The U.S. Army Corps of Engineers completed an $8.7 million project last fall to repair the Kent Shops, Narita and Myer’s Golf levees on the river near the Riverbend Golf Course on West Meeker Street. The levees sustained damage during the November 2006 flood.

City officials monitor the levees 24 hours a day during heavy rain. Mactutis inspected the levees by the golf course on Thursday.

“There was no indication of any problems with them,” he said.

While Army Corps crews were kept busy last week with emergency-levee repairs along the Snohomish, Nooksack and other rivers in the region, the Corps received no reports from city or county officials for assistance with any levee issues on the Green River.

“The good thing is they held up during the flood event,” said Andrea Takash, spokeswoman for the Seattle division of the U.S. Army Corps of Engineeers.

In addition to the levees, the Army Corps also controls flooding along the Green River by holding back water at the Howard Hanson Dam, northeast of Enumclaw. The Corps built the dam in the early 1960s to help prevent flooding in the Green River valley.

When Corps officials started to release more water Friday from behind the dam, the Green River reached within about 2 feet of flood stage.

The high flow of water along the river kept city officials on edge.

“It makes us nervous when there’s that much water in the river,” Mactutis said. “In some areas of the city, the water flows as much as 6 to 10 feet higher than the ground next to the levee. But so far, they’ve done fine.”

King County officials plans to visit the repaired levees near the Riverbend Golf Course as soon as water levels recede to assess any damage that might have been done.

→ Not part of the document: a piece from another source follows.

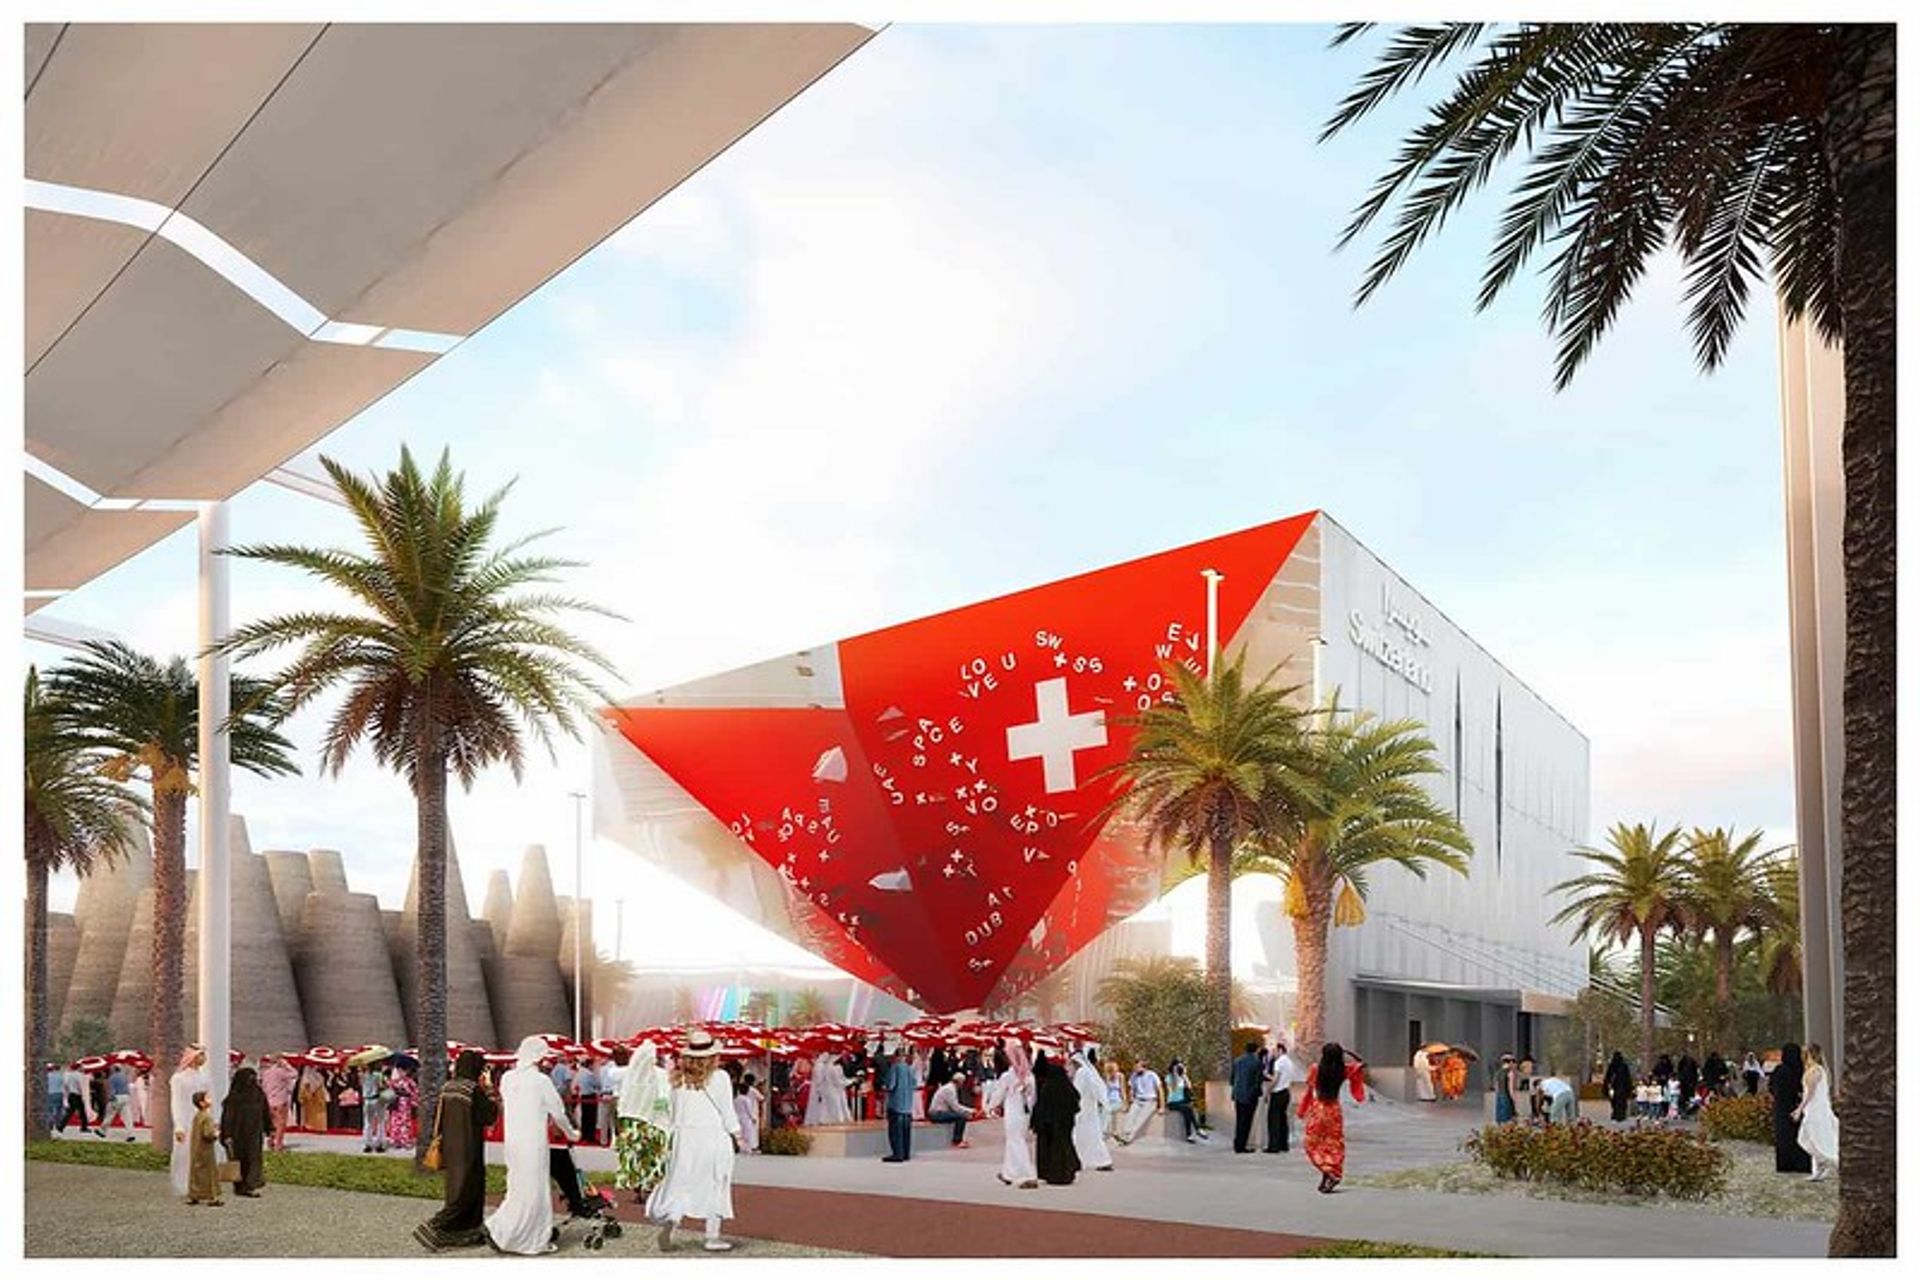 Il rendering della vista frontale del Padiglione Svizzero all'Expo Dubai 2020

But the river is expected to remain high for at least a few days, as Corps officials release water to lower the reservoir behind the dam.

“The recent repair sites will be among the first we visit,” said Doug Williams, spokesman for the county’s Natural Resources and Parks division. “We’ll get a good look when the water recedes.”

City and county officials will look for cracks or other movement at the levees as well as any seepage out of the back of a levee, Mactutis said.

“The water just started receding,” Takash said. “Until the water goes down, there’s no way to determine the damage. Once the water goes down, we’ll assess it and repair any damage. If there’s erosion, we’ll fix it.”